## Work task
Exactly the lines from the one containing "Caldex Classic Aquarium" through the final line of the data below, with pictures omitted, make up the answer.

## Source material
____

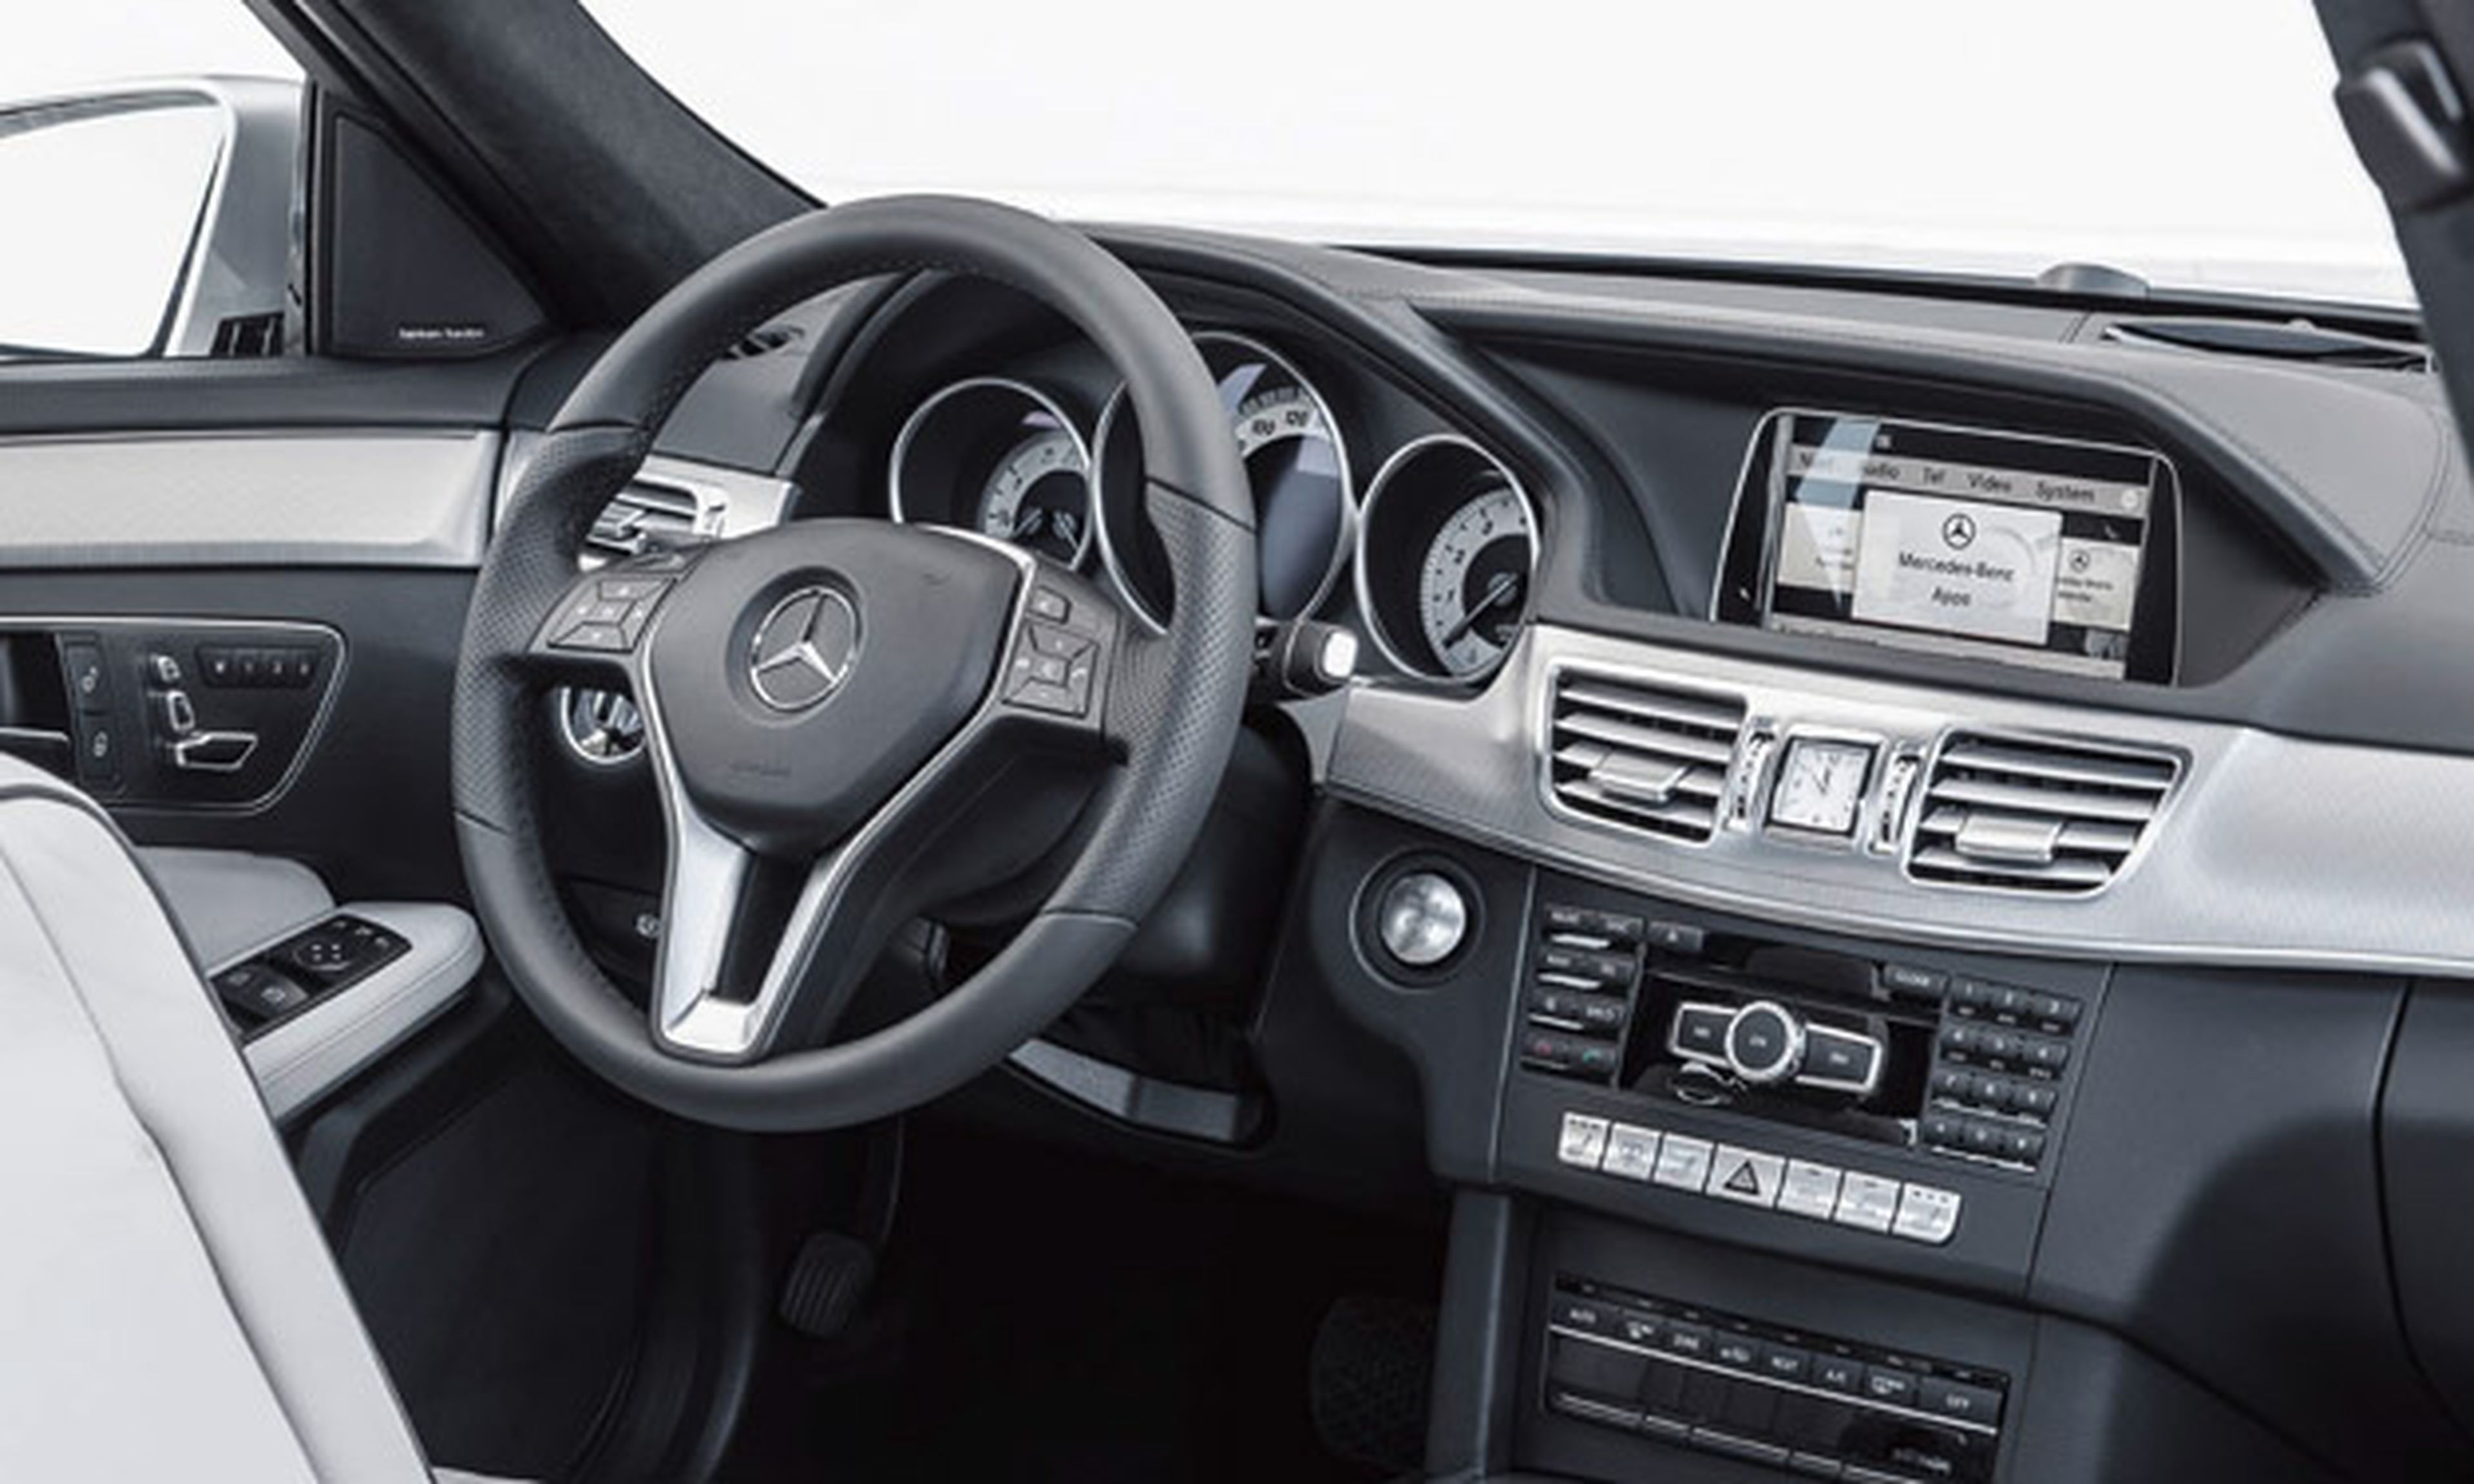 Mercedes Clase E, con conducción autónoma en autopista
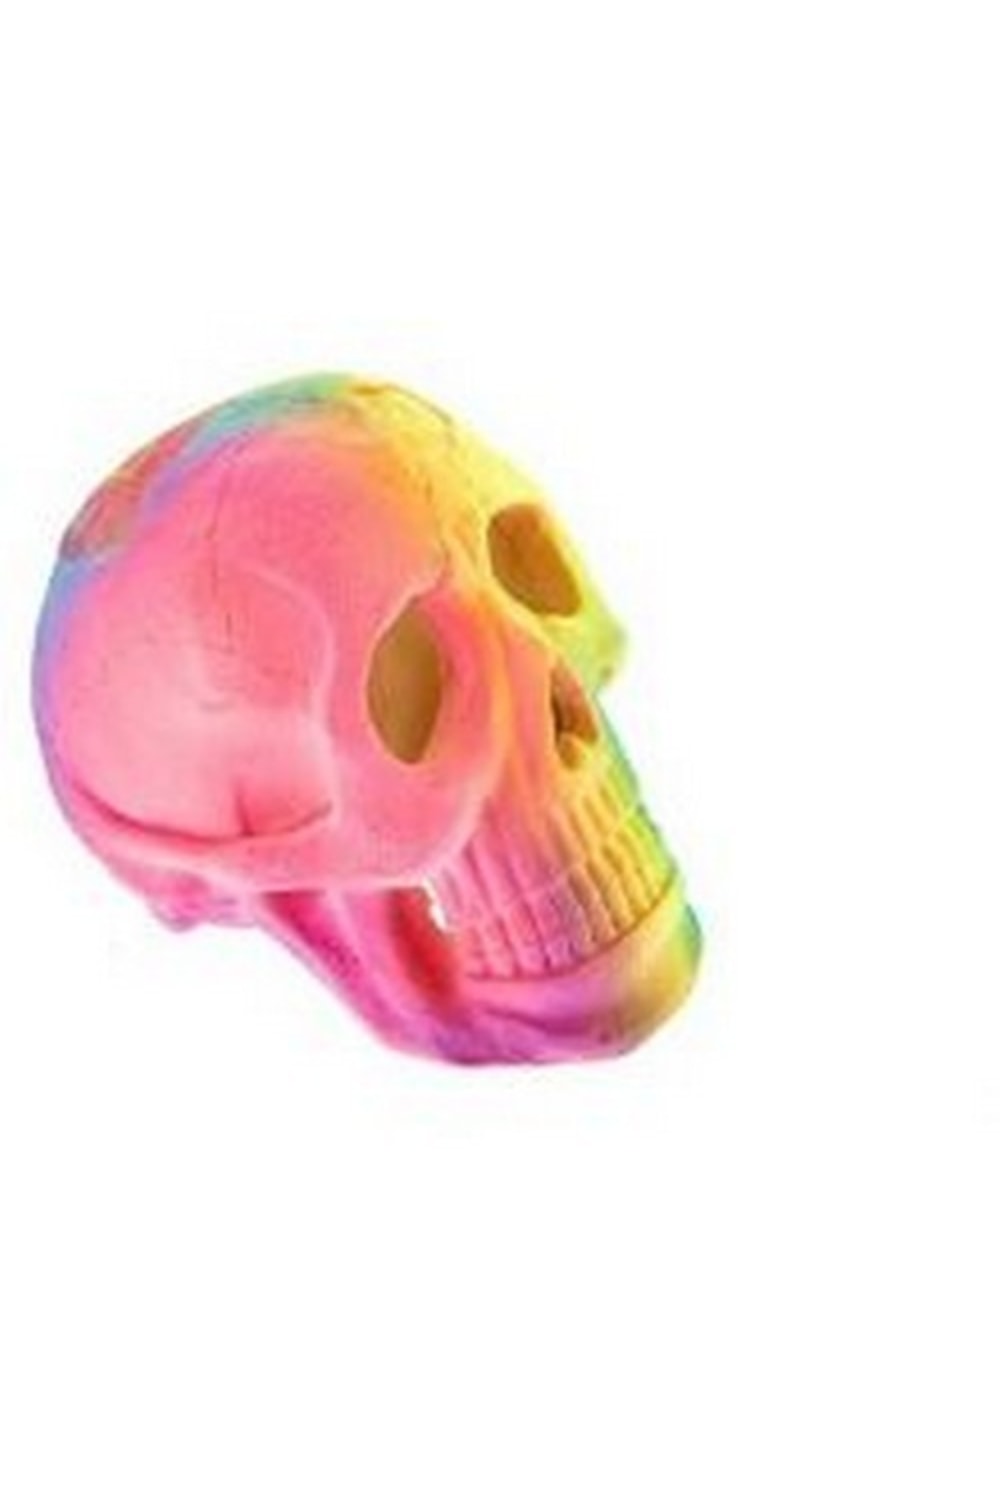 Caldex Classic Aquarium Decoration Fluorescent Skull (May Vary) (One Size)
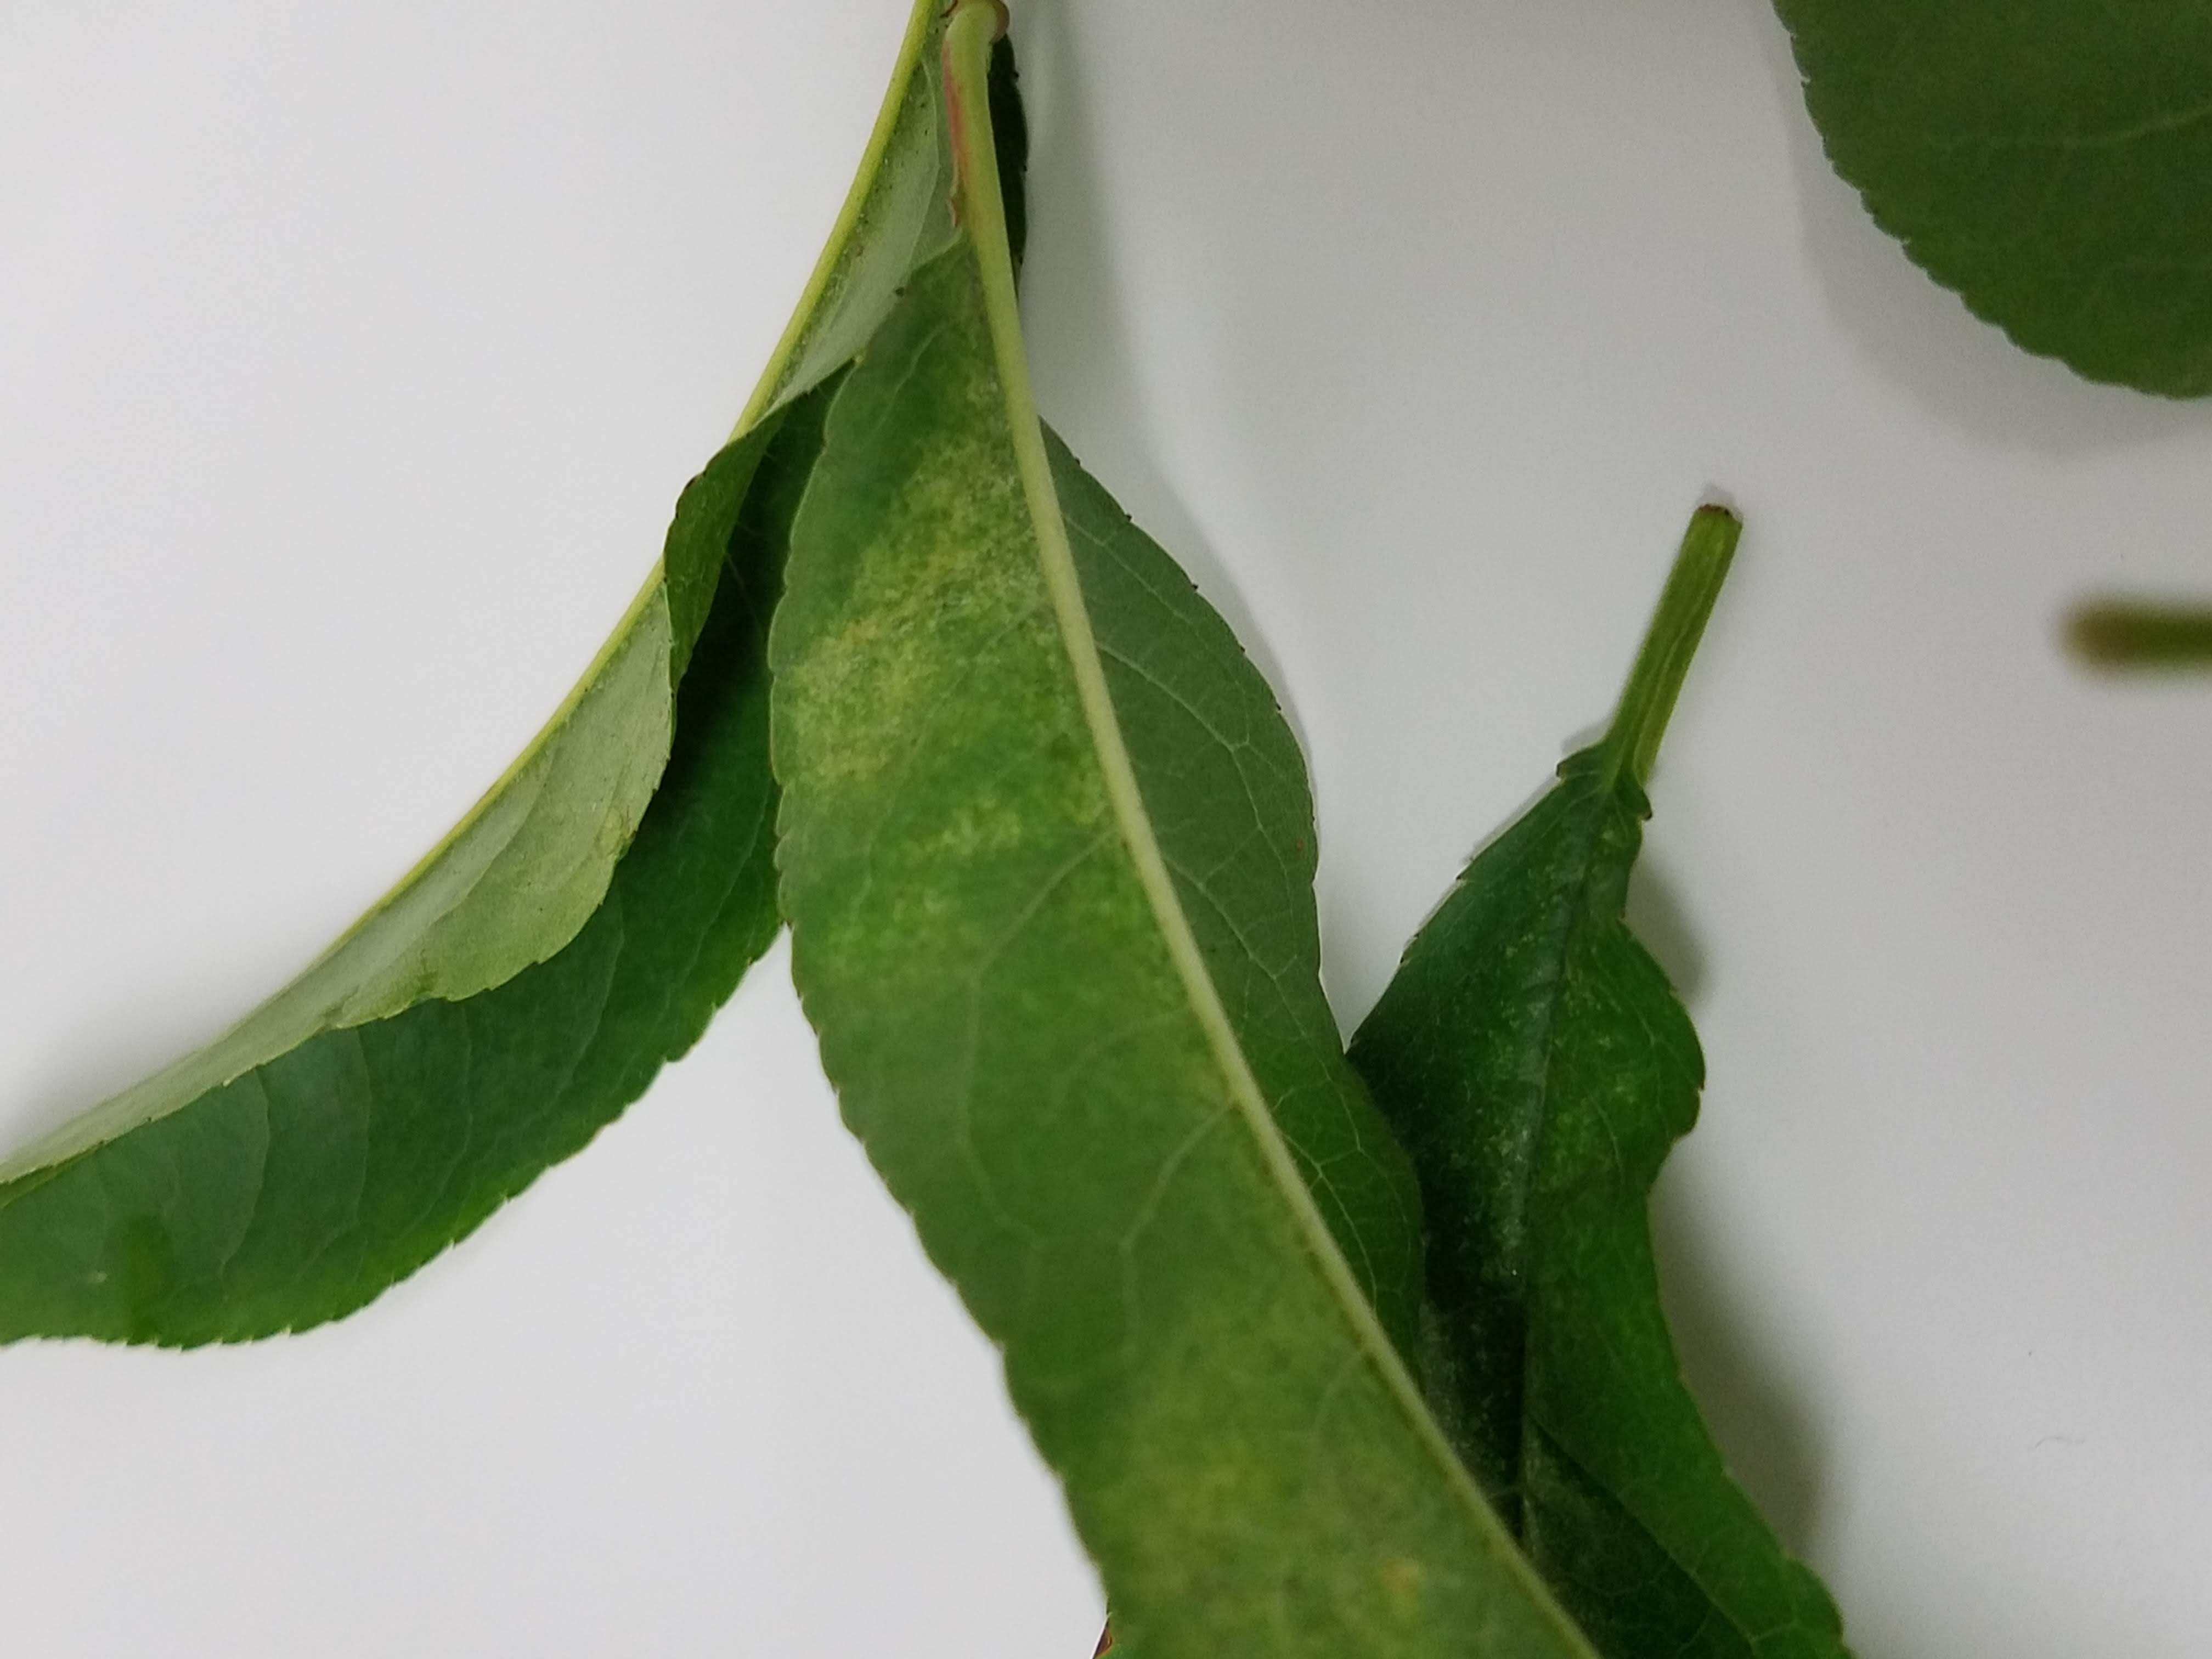 mite damage on peach leaves

____

## Completed task
 Caldex Classic Aquarium Decoration Fluorescent Skull (May Vary) (One Size)
 mite damage on peach leaves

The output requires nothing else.